Instructions for the task: The answer is to be the data that follows, transcribed exactly, minus its pictures.

--- Information shown Enclosed Below ---

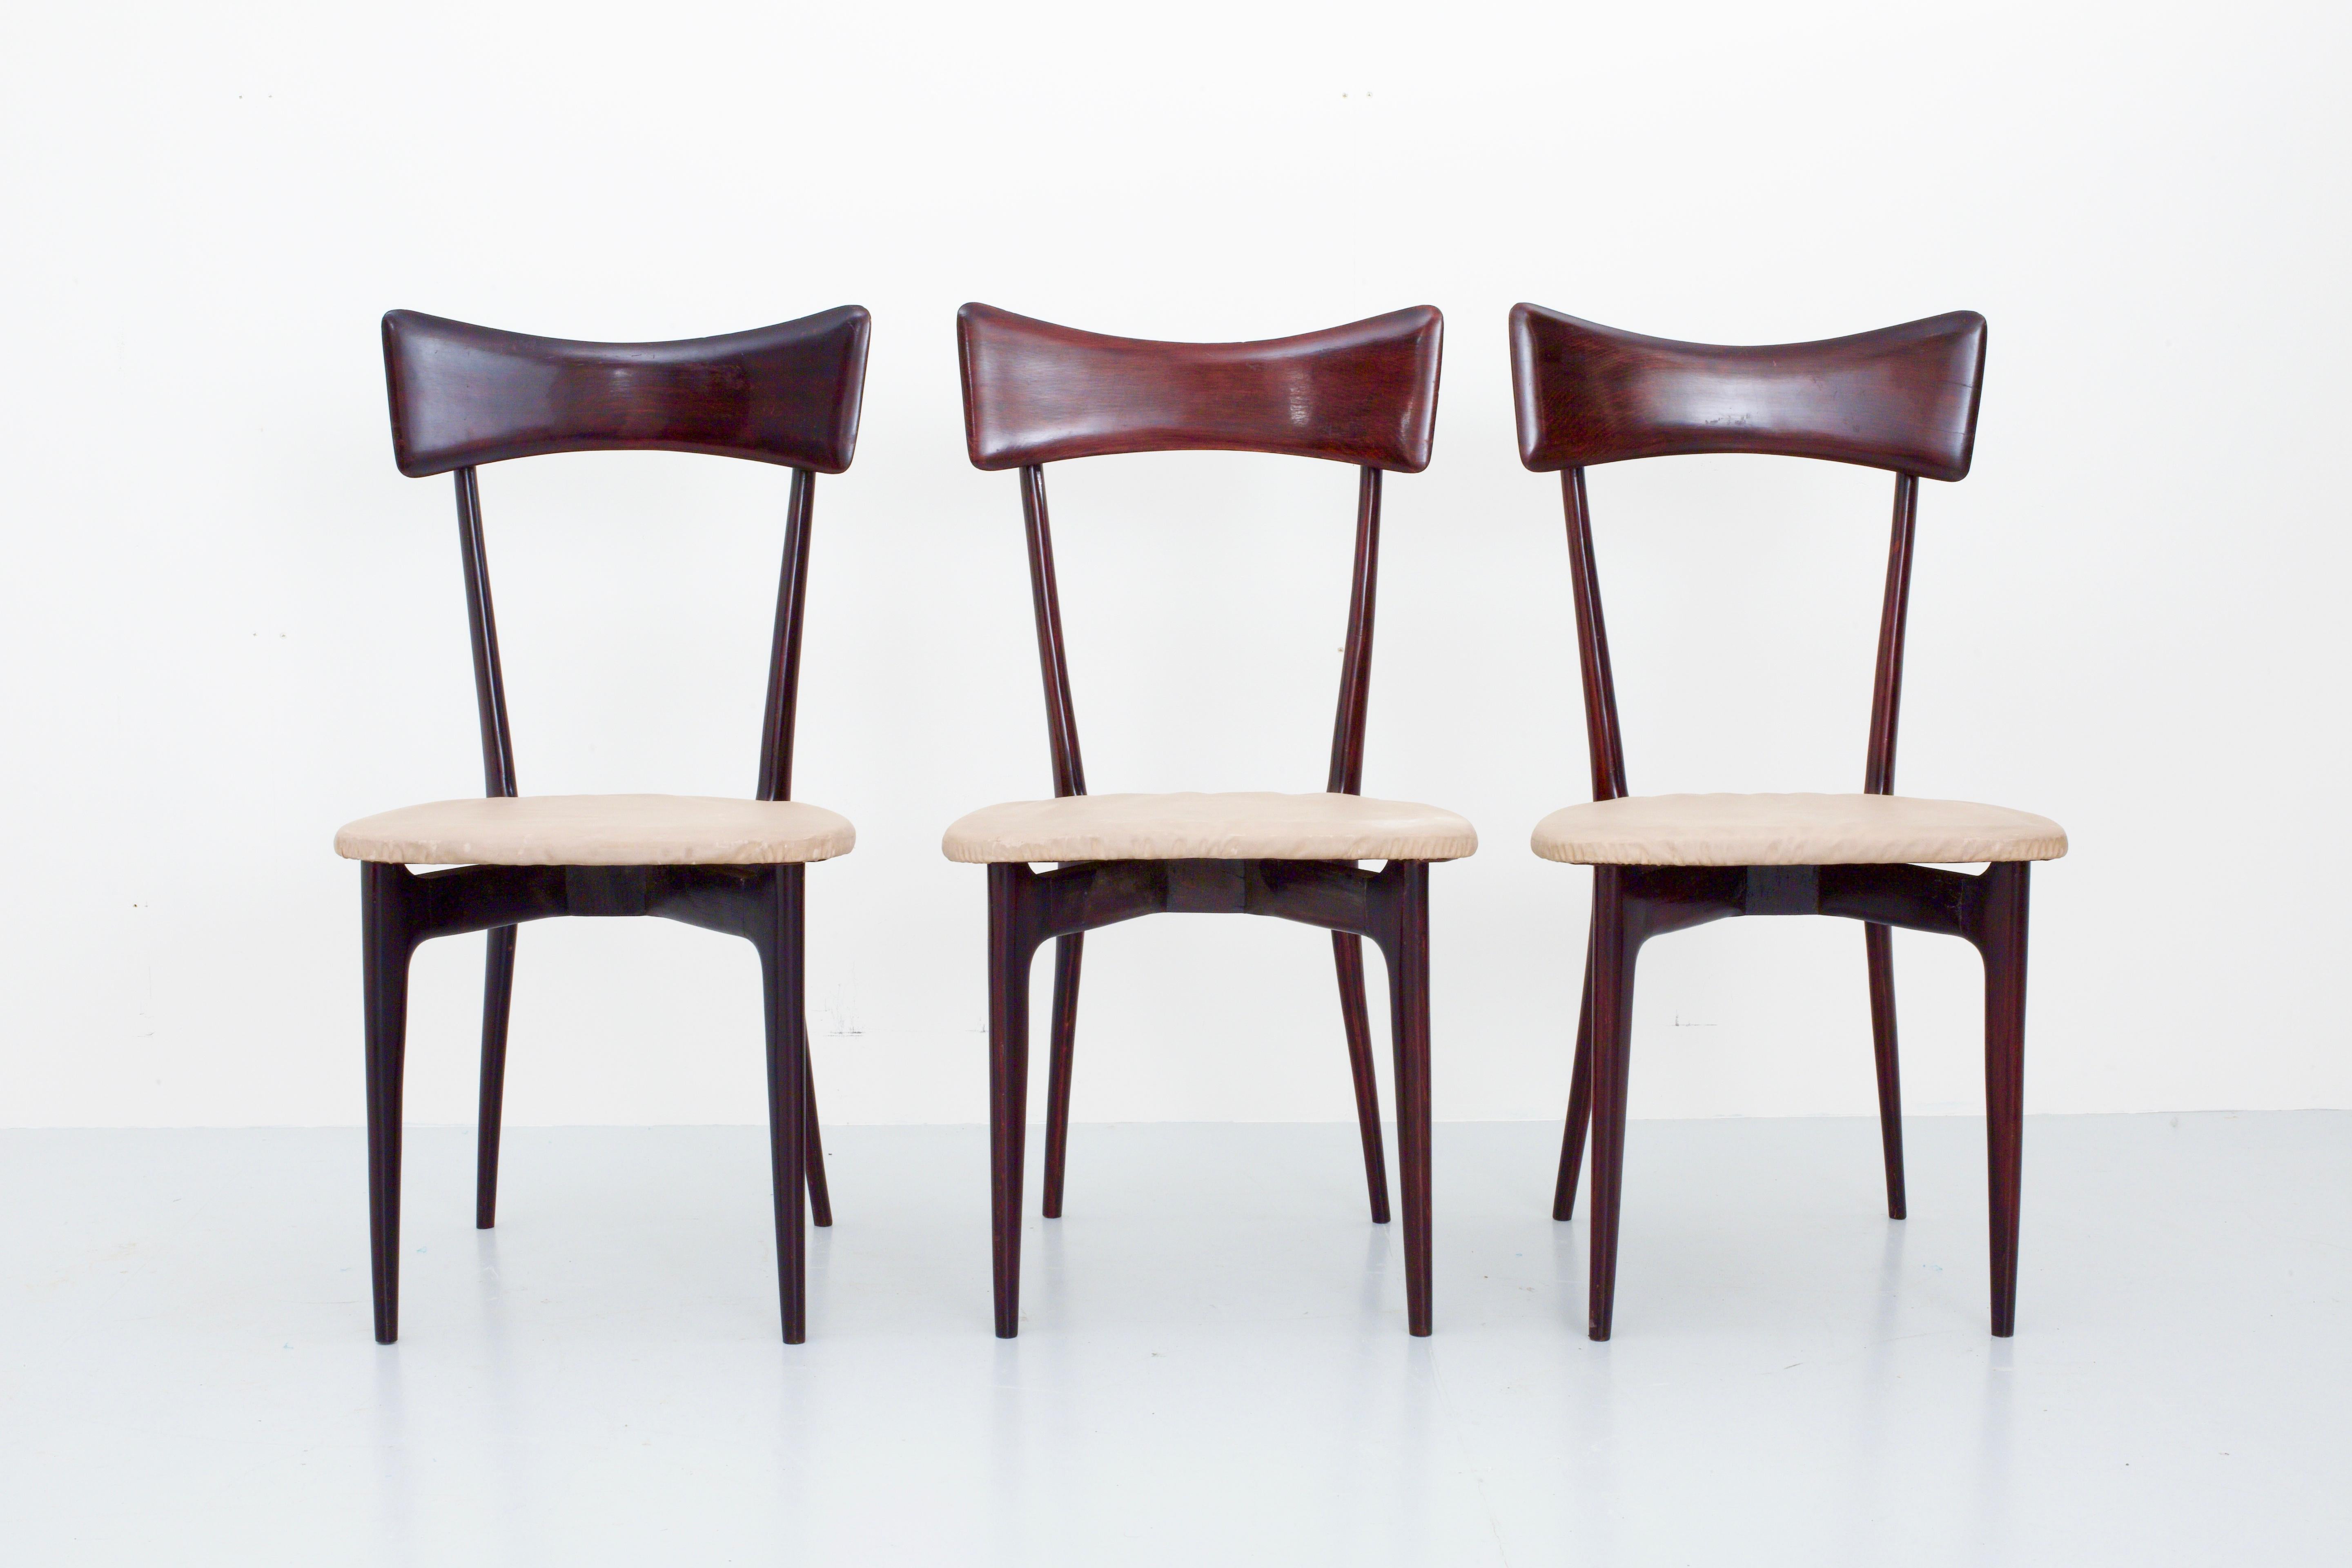 Set of three dining chairs in the well-known and typical style of Ico Parisi and his wife Luisa for Ariberto Colombo, Cantu, Italy, 1955. These chairs are a truly example of Italian design; elegant, round and light. With this beautiful patina still
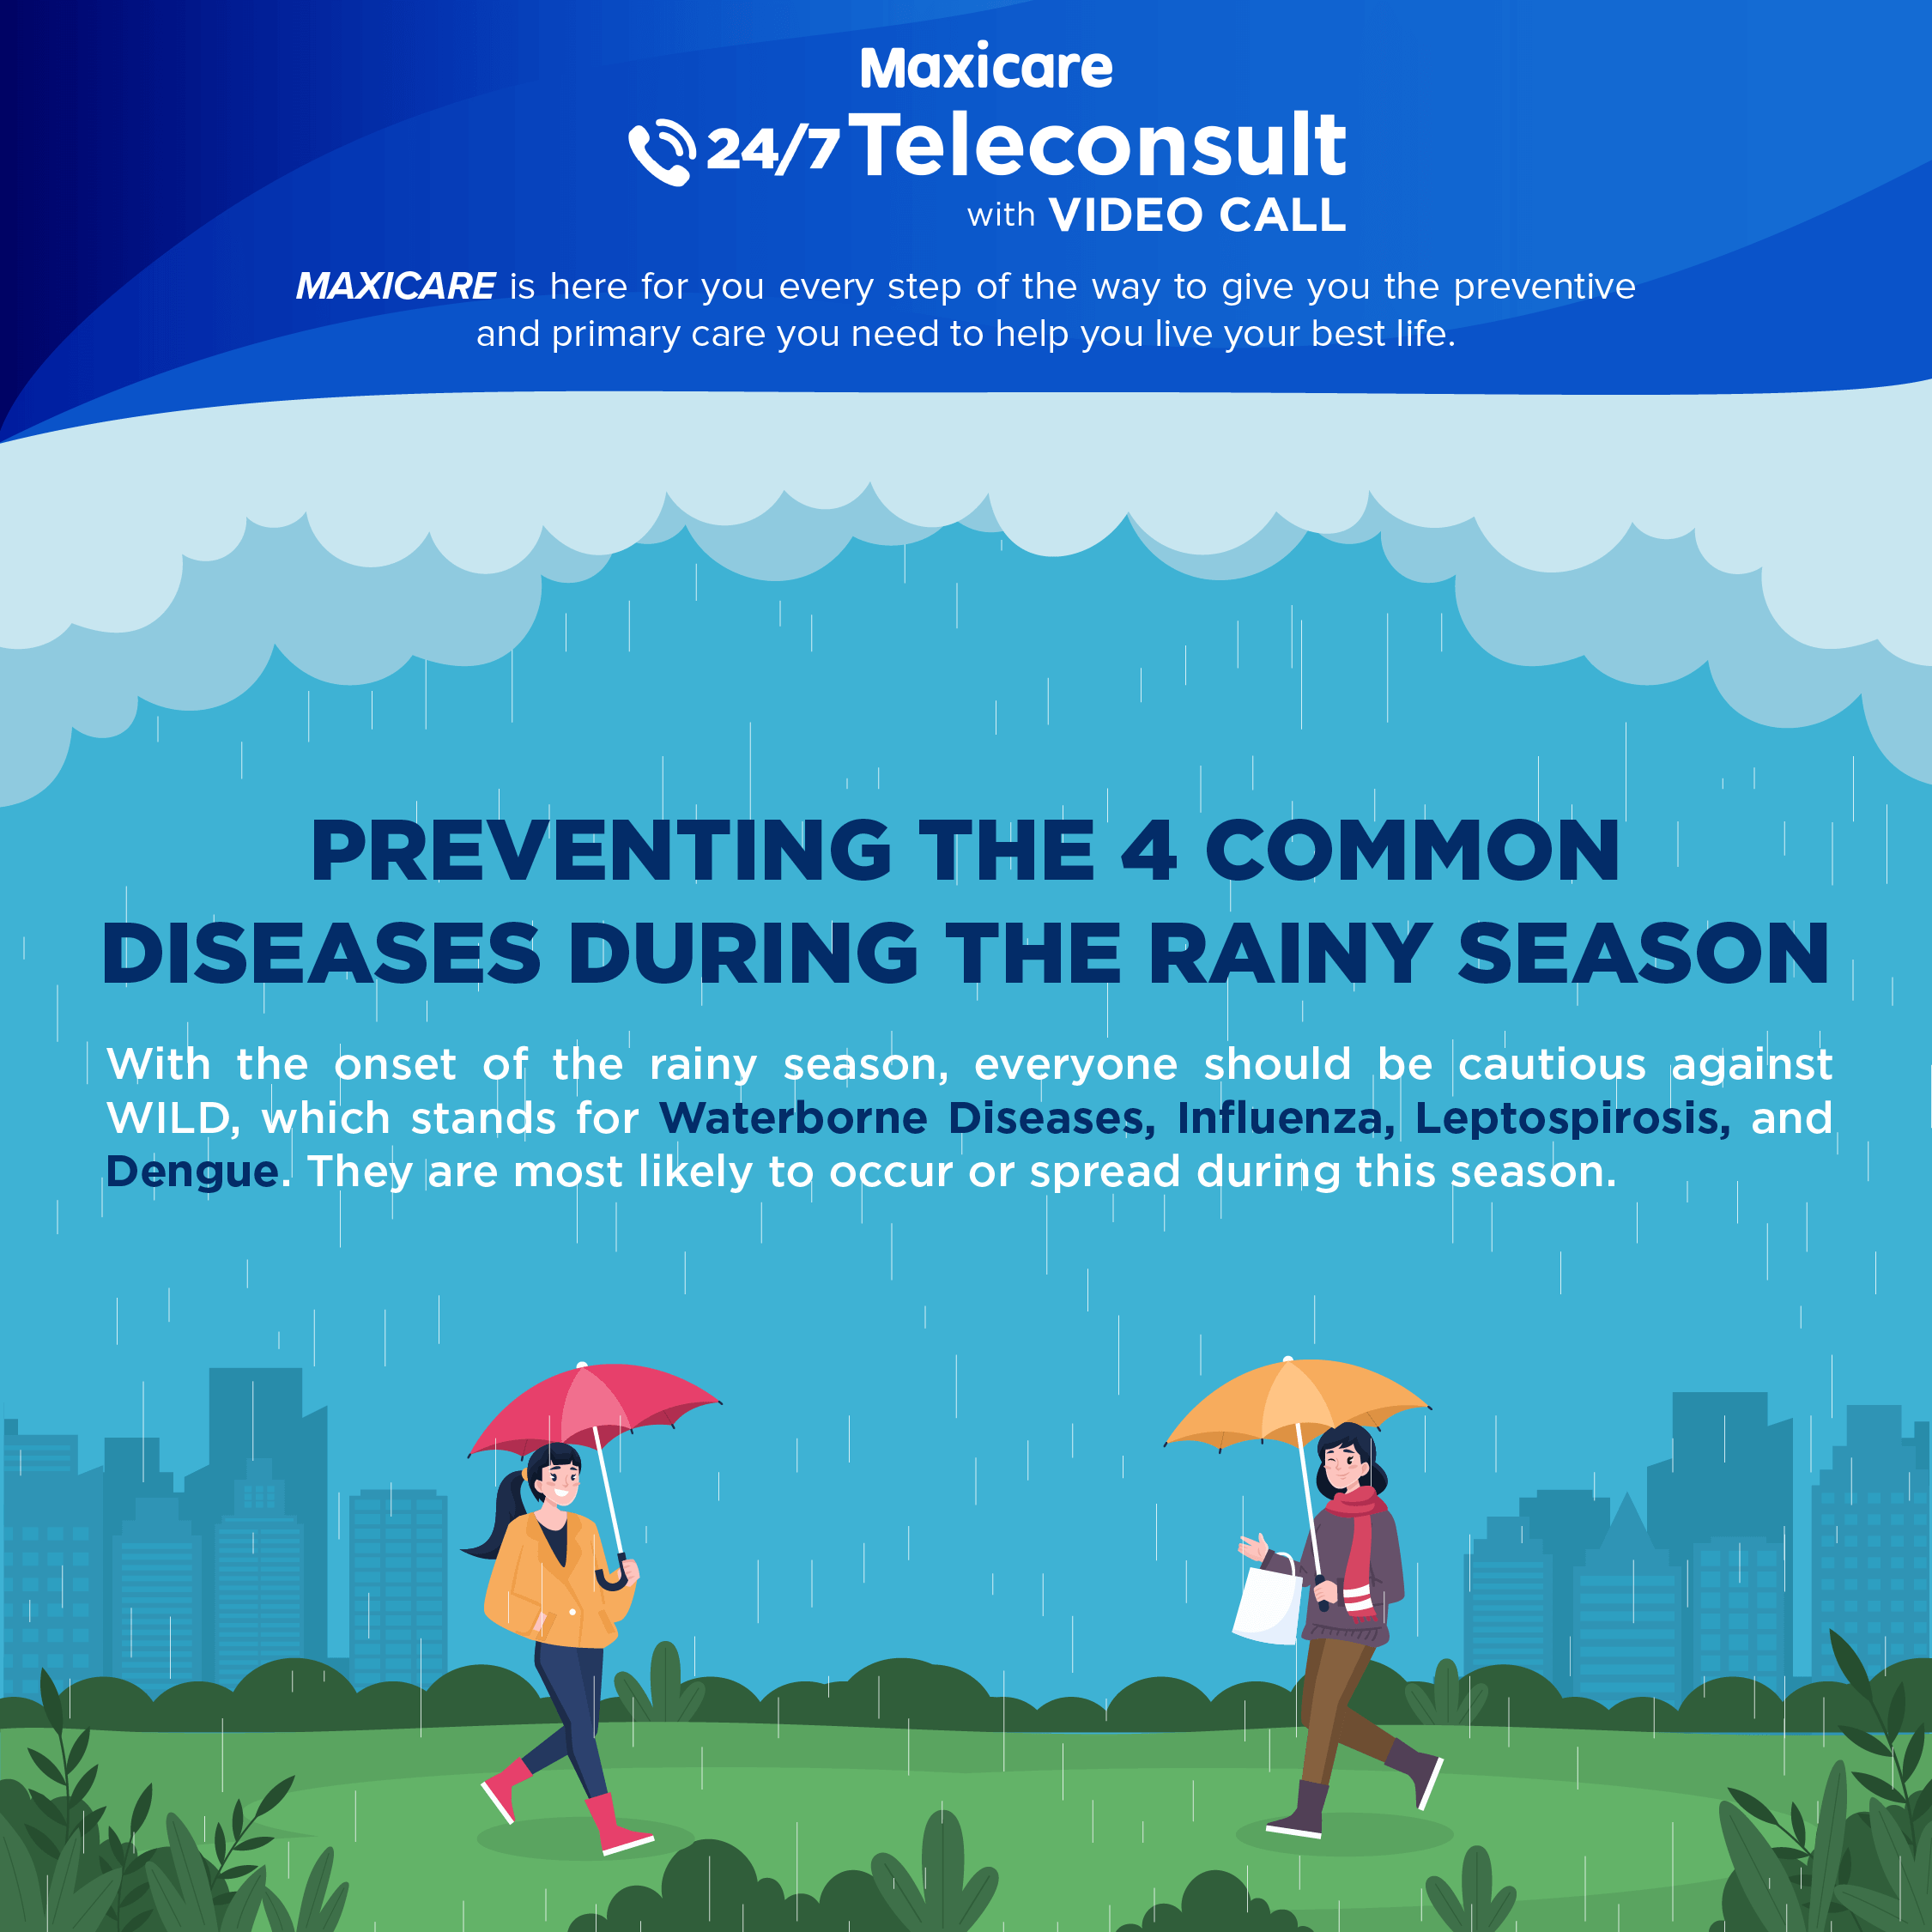 Preventing the four most common diseases during the rainy season
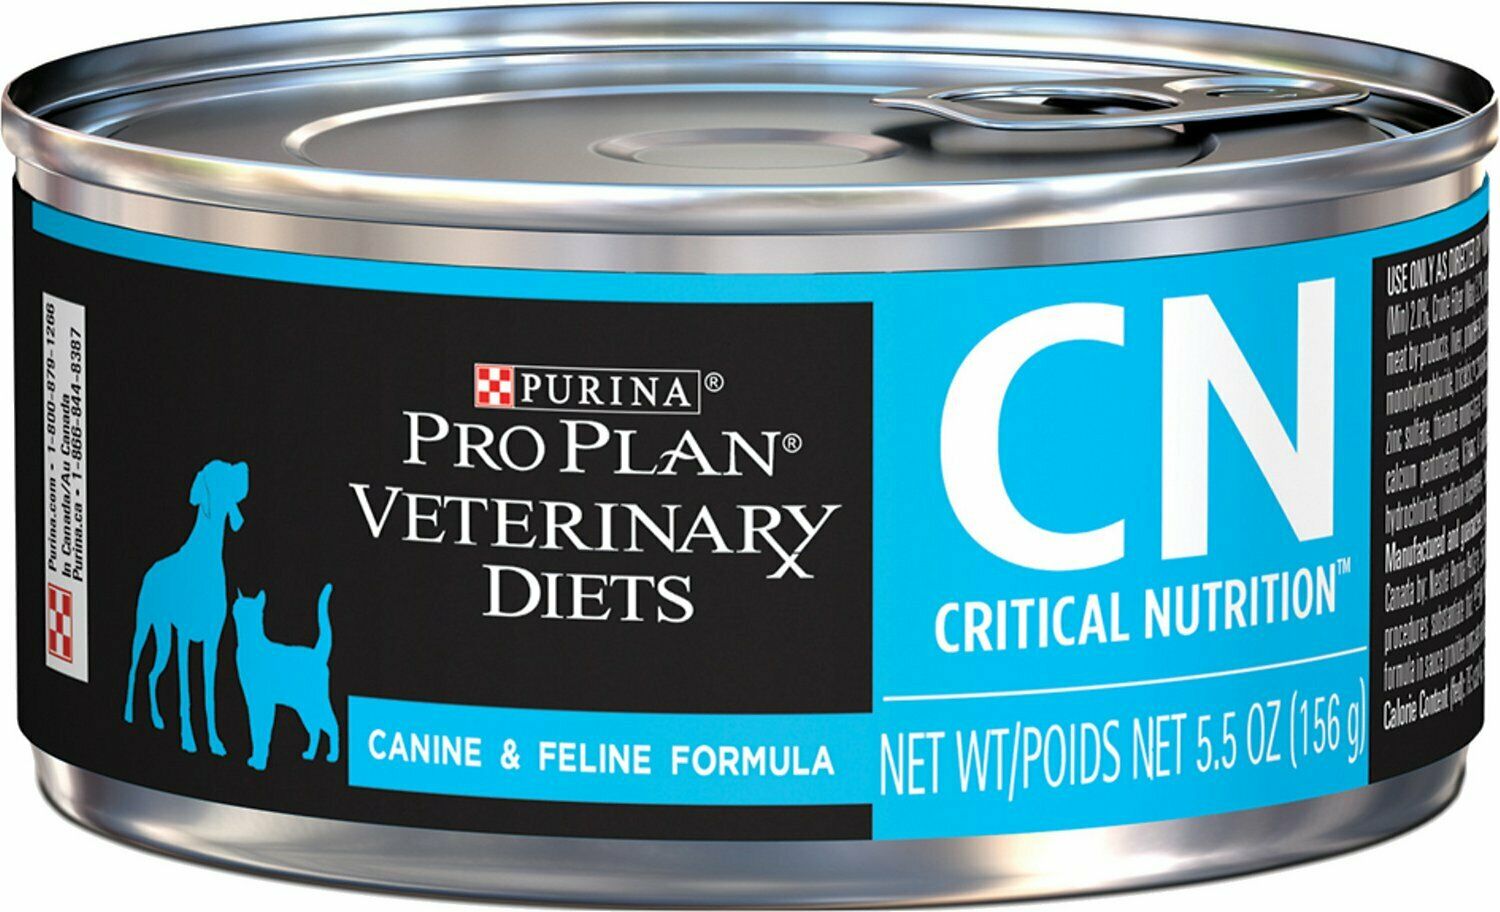 Purina Veterinary Diets Dog Food Cn [critical Nutrition] (24 Cans)

--- End of Enclosed Information shown ---

Response to the task:
 Set of three dining chairs in the well-known and typical style of Ico Parisi and his wife Luisa for Ariberto Colombo, Cantu, Italy, 1955. These chairs are a truly example of Italian design; elegant, round and light. With this beautiful patina still
 Preventing the four most common diseases during the rainy season
 Purina Veterinary Diets Dog Food Cn [critical Nutrition] (24 Cans)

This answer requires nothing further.